▶ **TASK DIRECTIONS**:
Which lines run from the one containing "portable MSI GP62" to the end of the material below? Copy them exactly, pictures excluded.
─── RECORDED INFORMATION
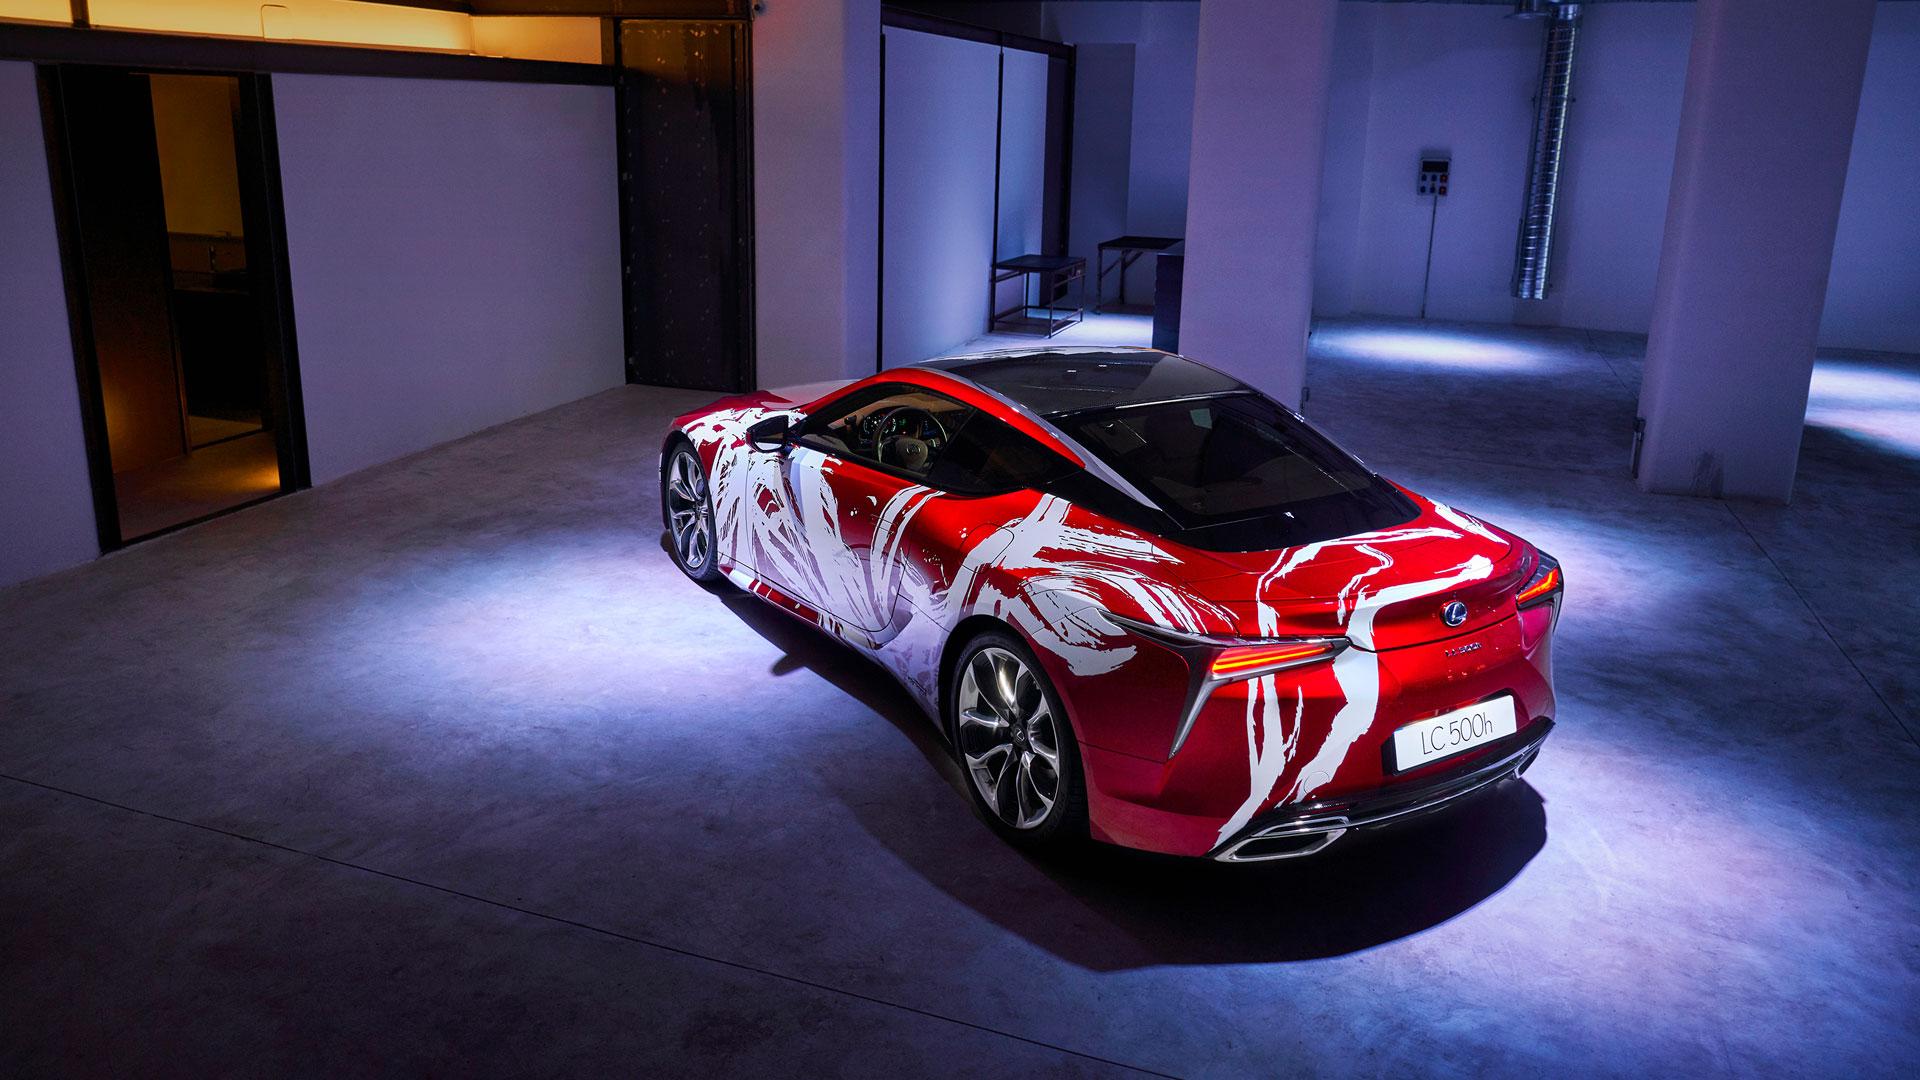 Imagen del diseño ganador del Art Car LC 500h
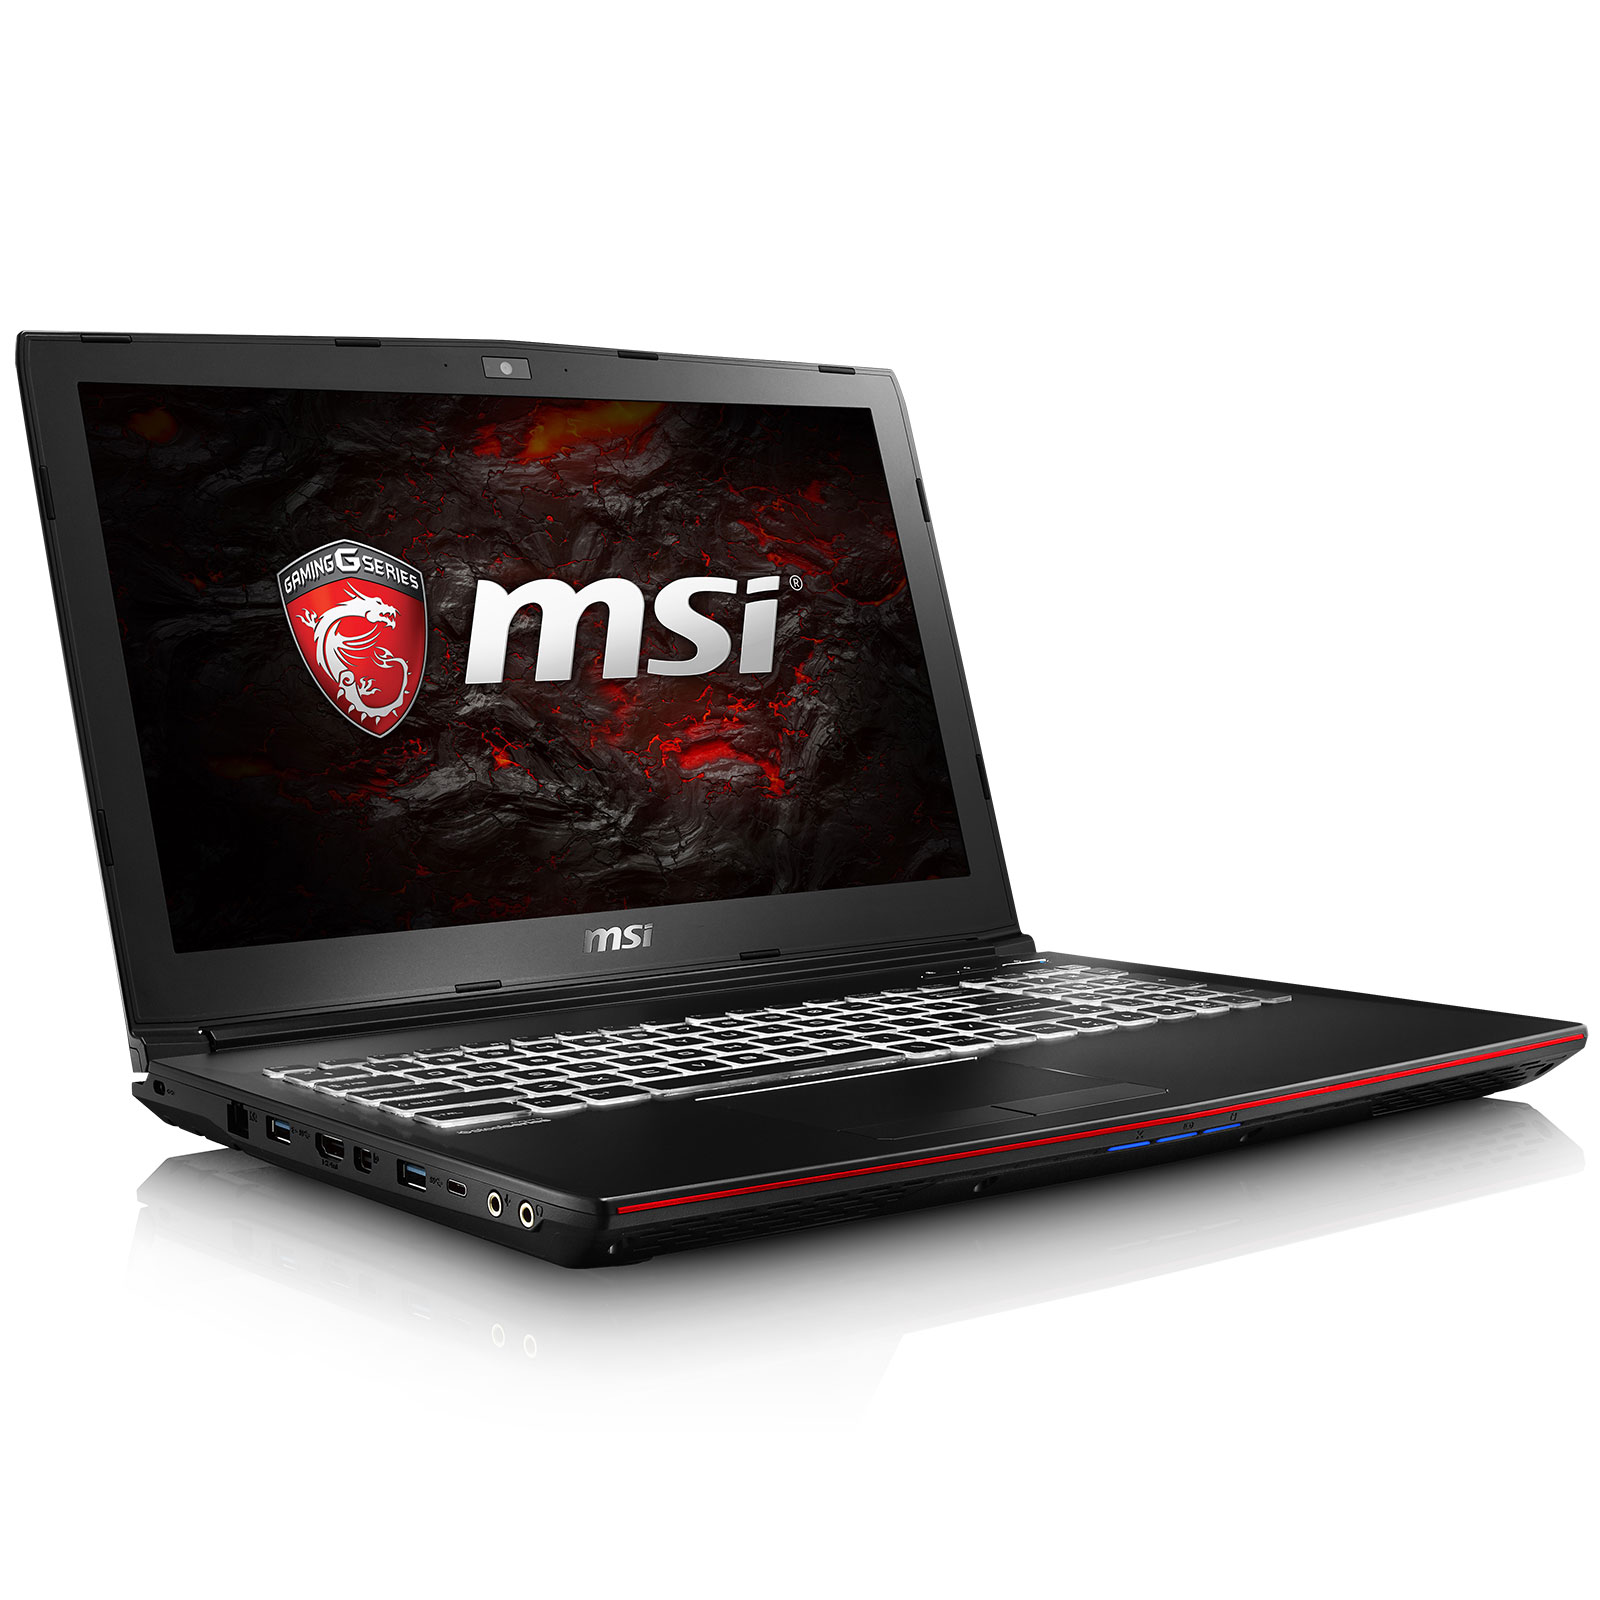 "PC portable MSI GP62 6QF-1478FR Intel Core i7-6700HQ 8 Go SSD 128 Go + HDD 1 To 15.6"" LED Full HD NVIDIA GeForce GTX 960M 2 Go Graveur DVD Wi-Fi AC/Bluetooth Webcam Windows 10 Famille 64 bits (garantie constructeur 2 ans)"
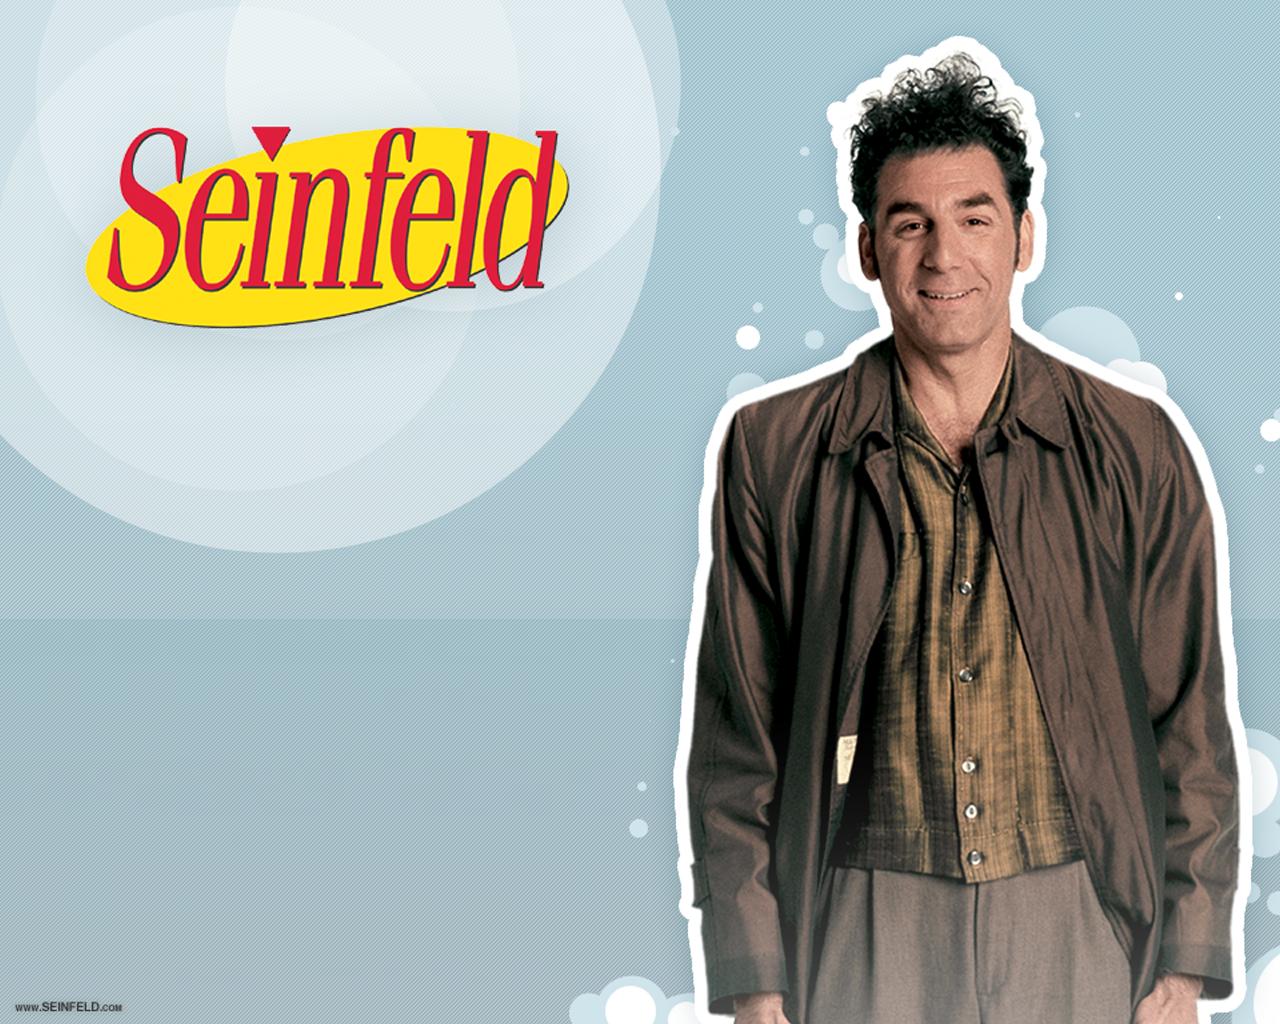 Seinfeld-seinfeld-424999_1280_1024
──────
▶ **SOLUTION TO THE EXERCISE**:
 "PC portable MSI GP62 6QF-1478FR Intel Core i7-6700HQ 8 Go SSD 128 Go + HDD 1 To 15.6"" LED Full HD NVIDIA GeForce GTX 960M 2 Go Graveur DVD Wi-Fi AC/Bluetooth Webcam Windows 10 Famille 64 bits (garantie constructeur 2 ans)"
 Seinfeld-seinfeld-424999_1280_1024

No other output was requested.